## Supplied material

============================================================

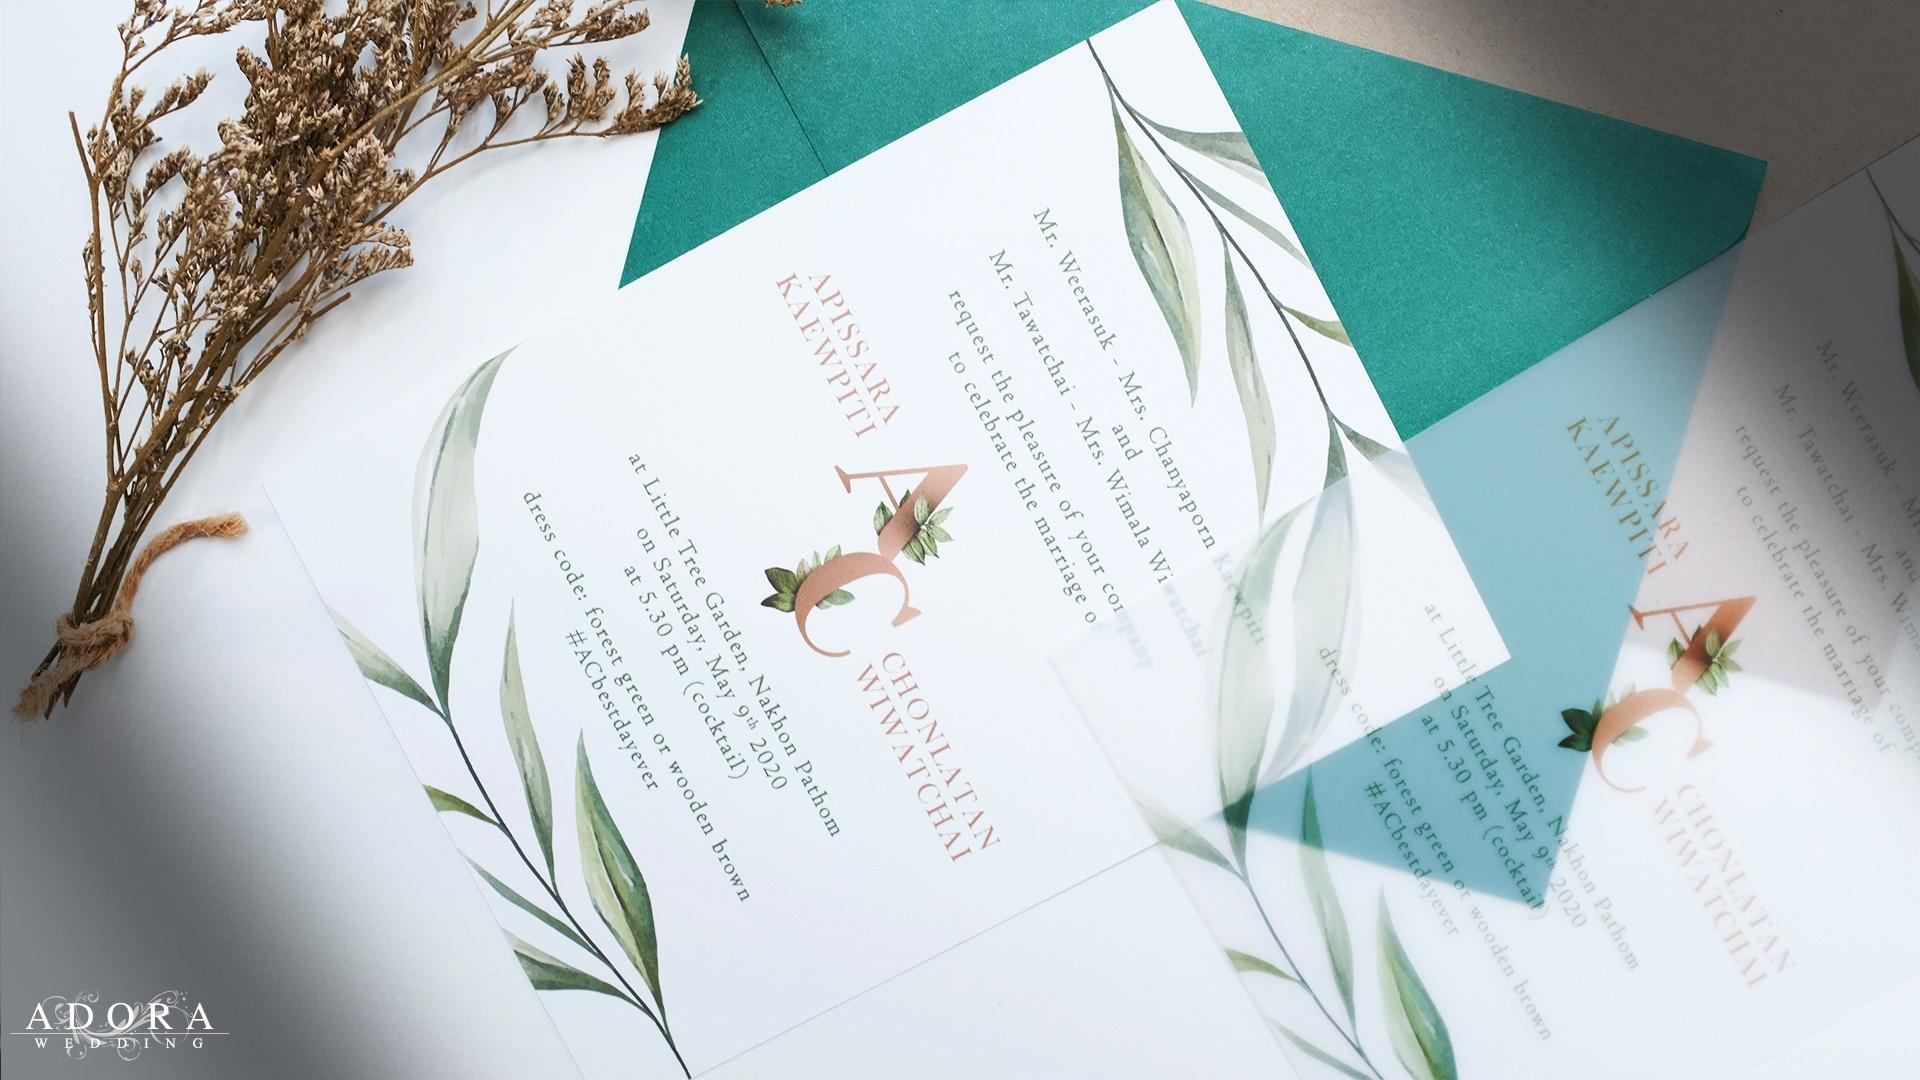 B095LM-wedding-card-2
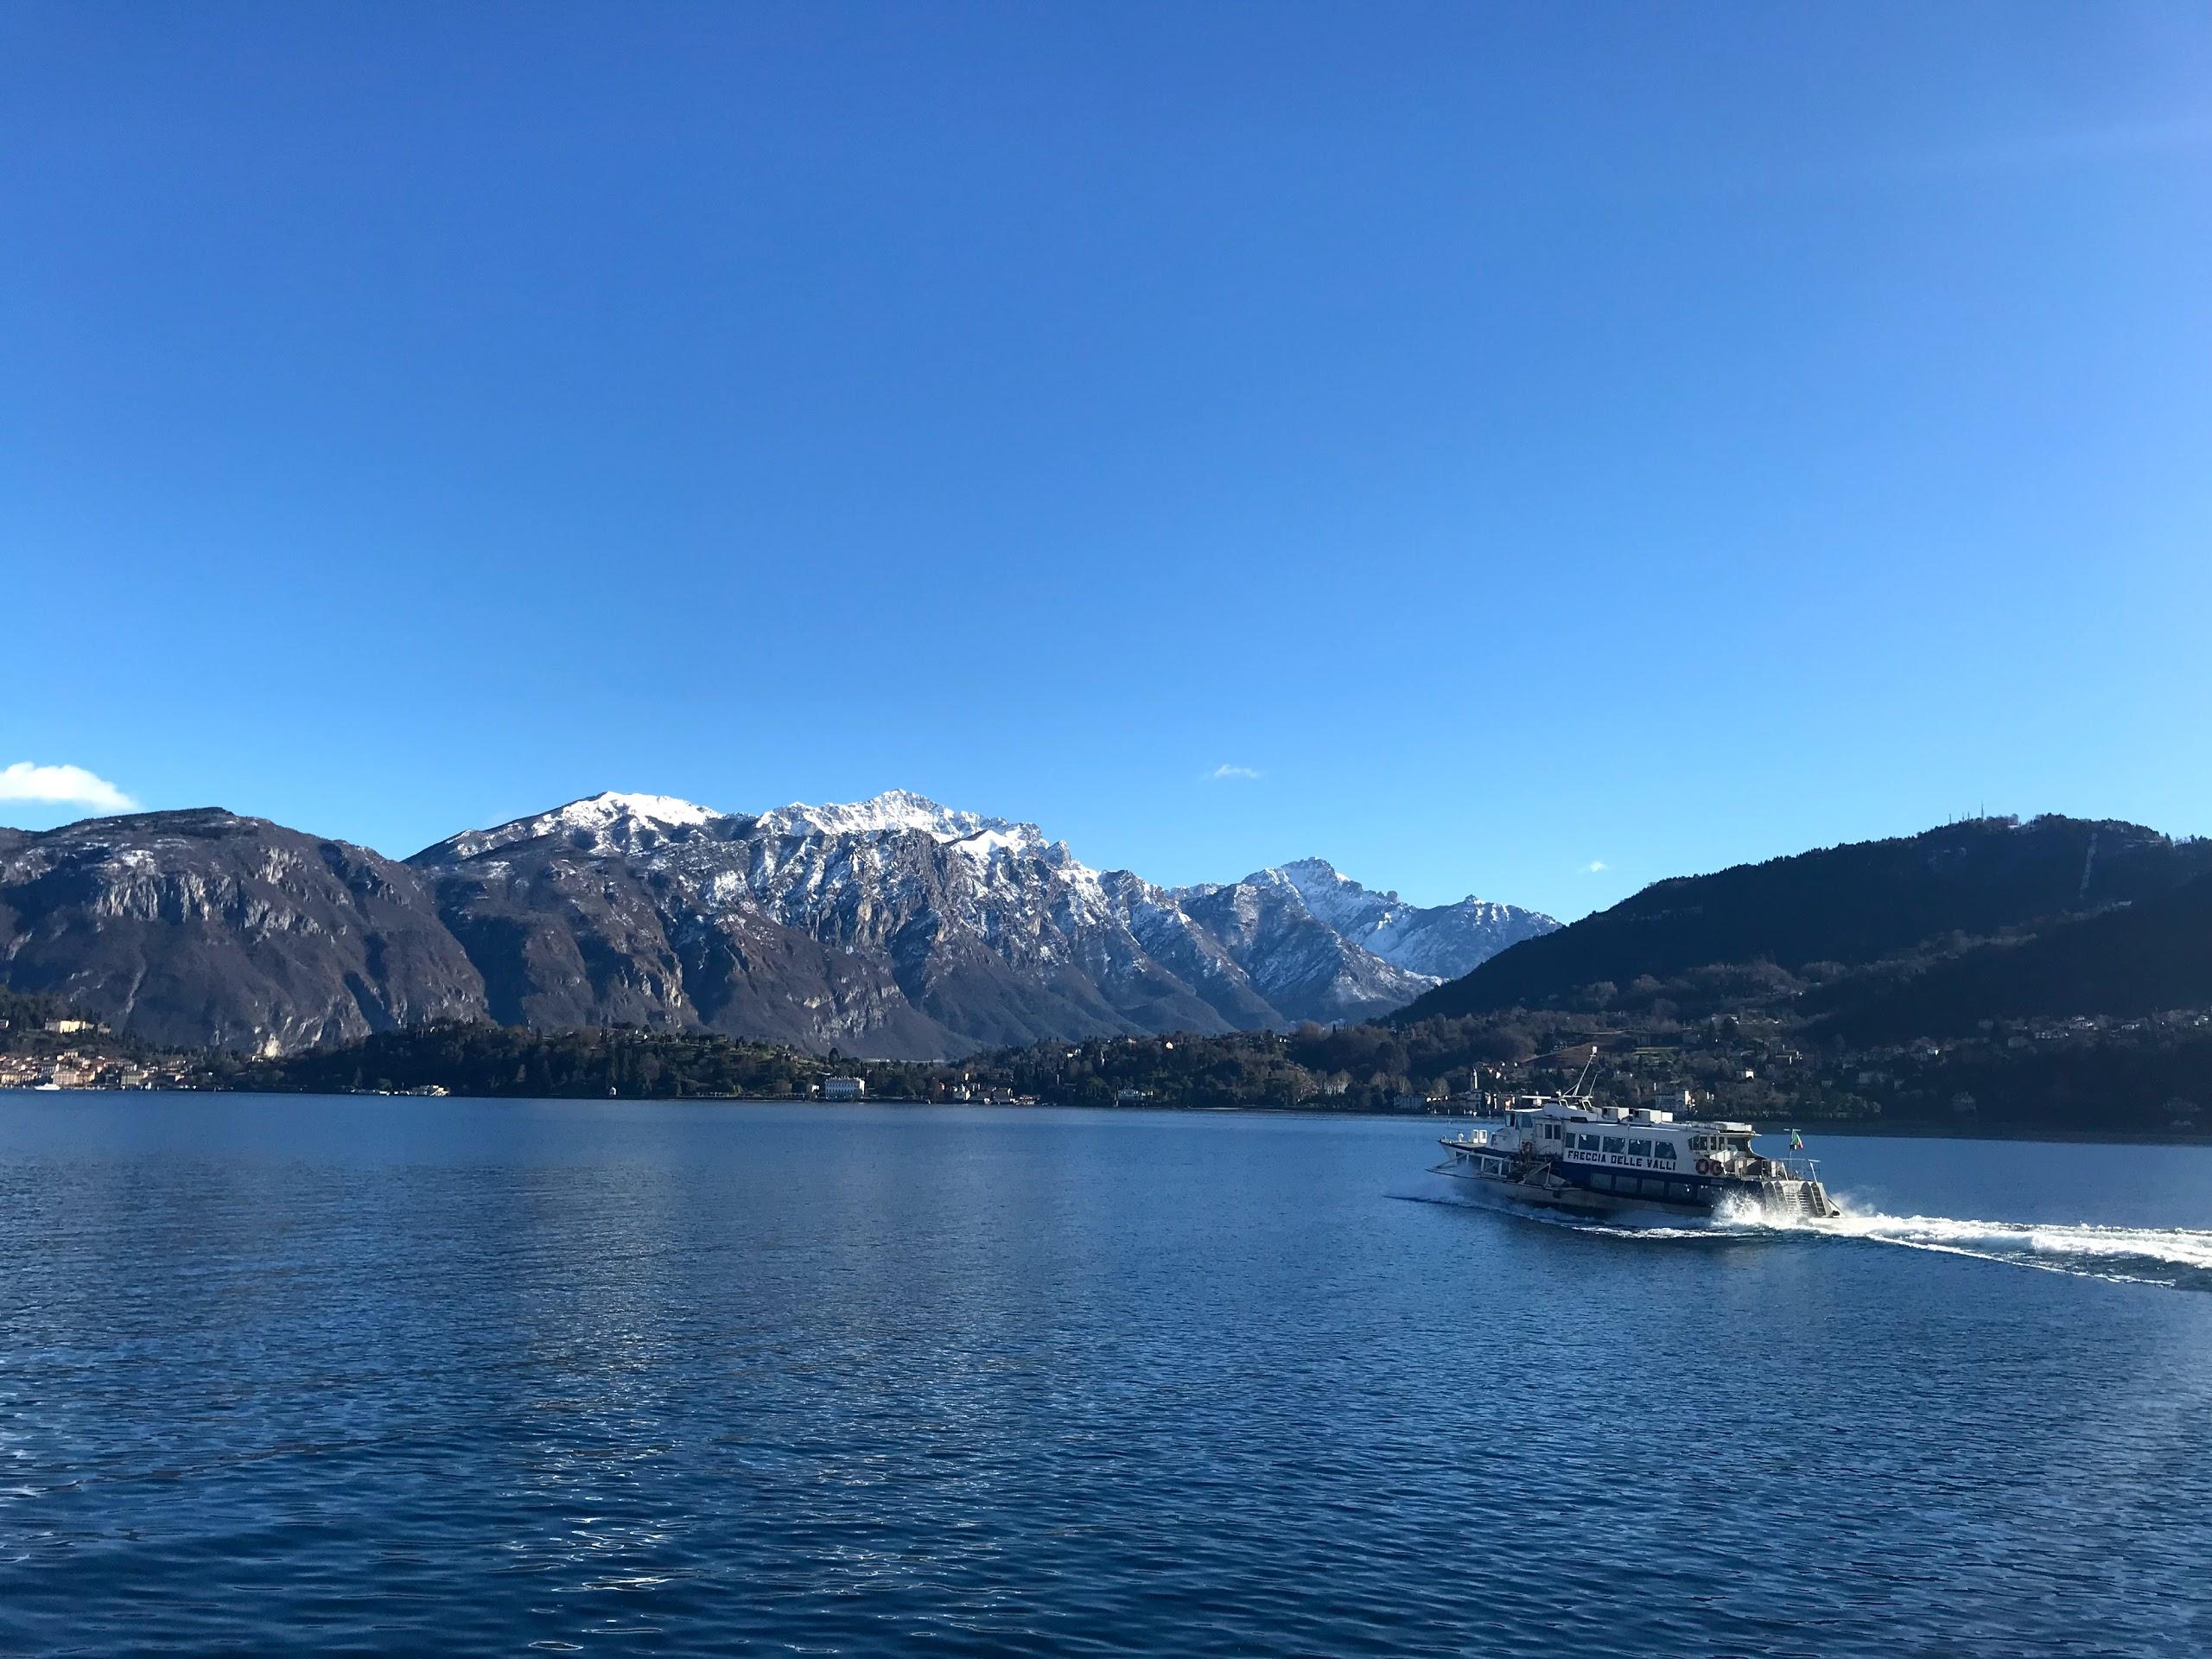 lago de como, itália, alpes
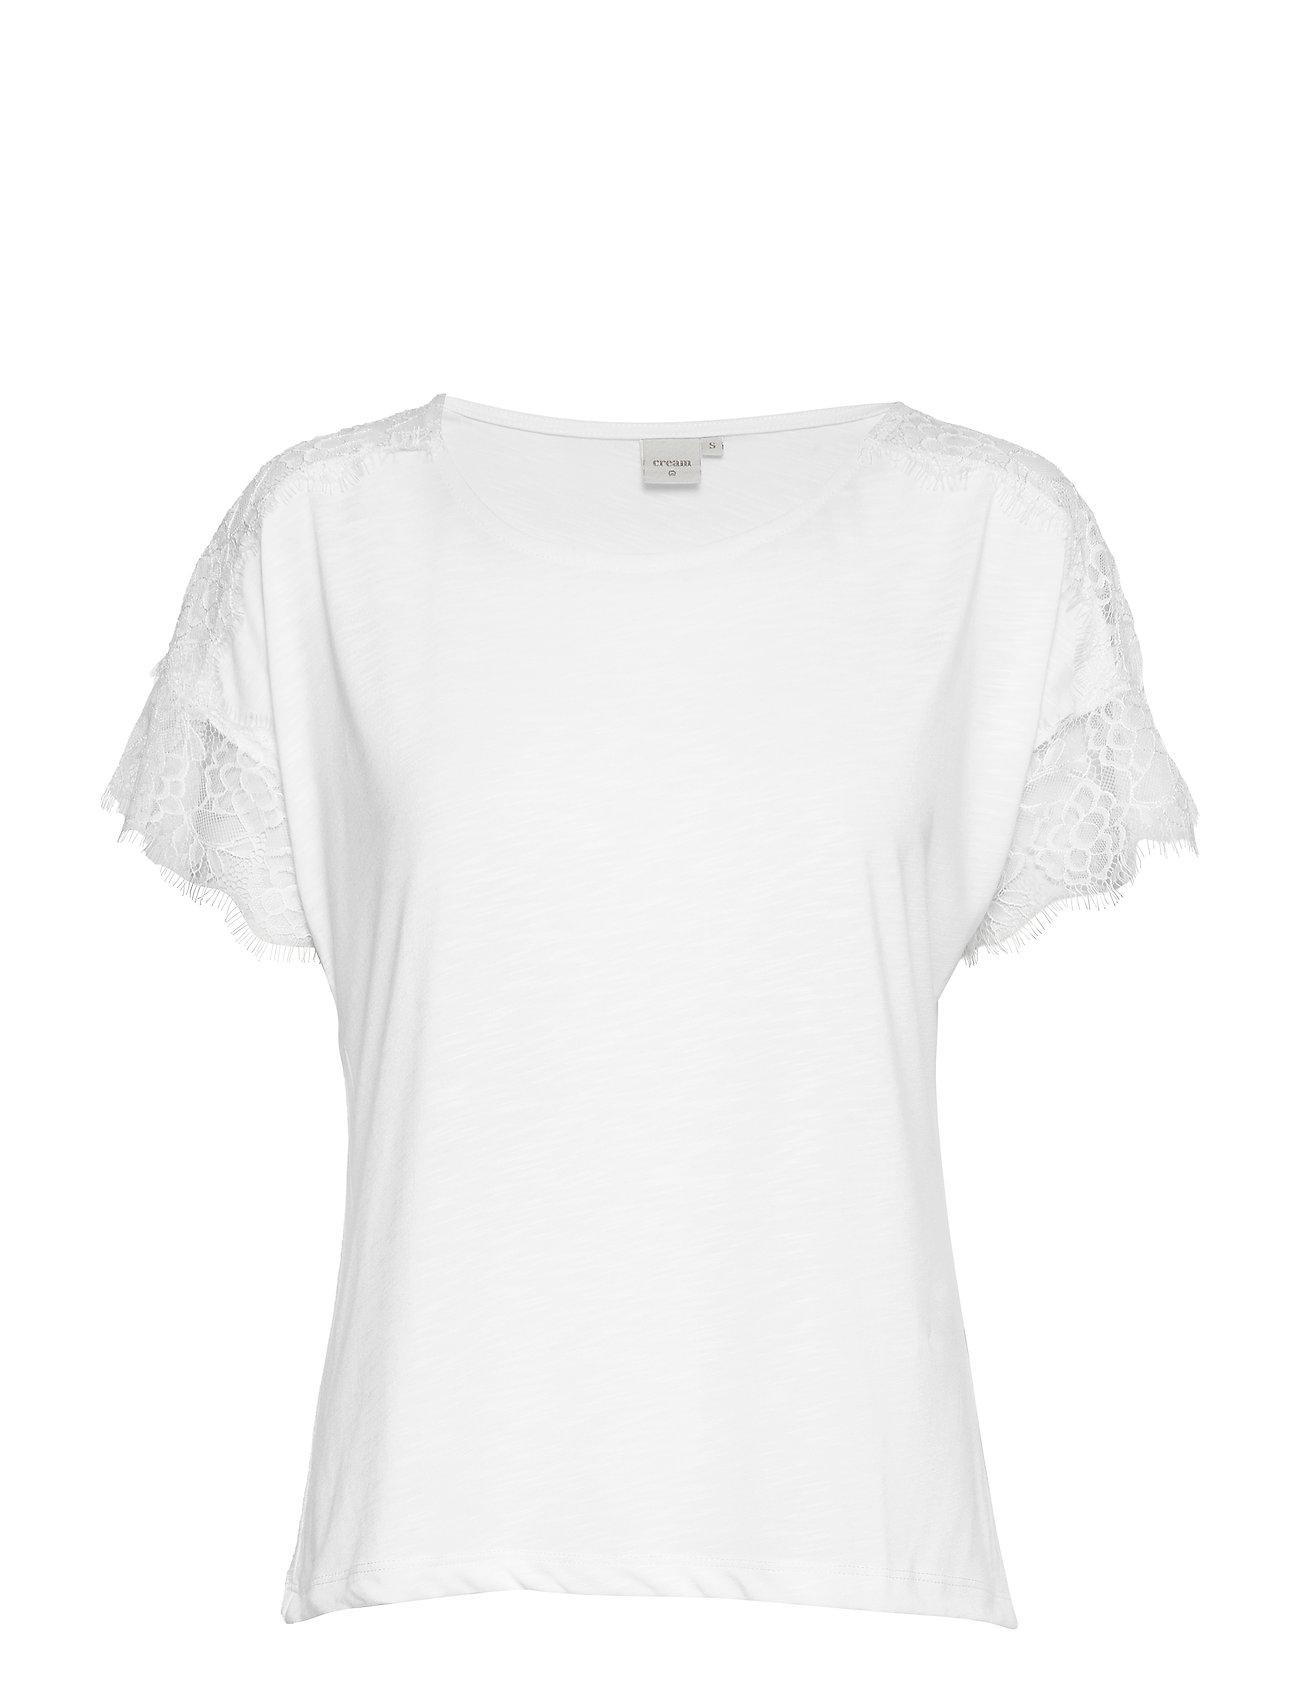 Cream Paulina Tshirt - CHALK

============================================================

Output the full listing above exactly, excluding all pictures.

 B095LM-wedding-card-2
 lago de como, itália, alpes
 Cream Paulina Tshirt - CHALK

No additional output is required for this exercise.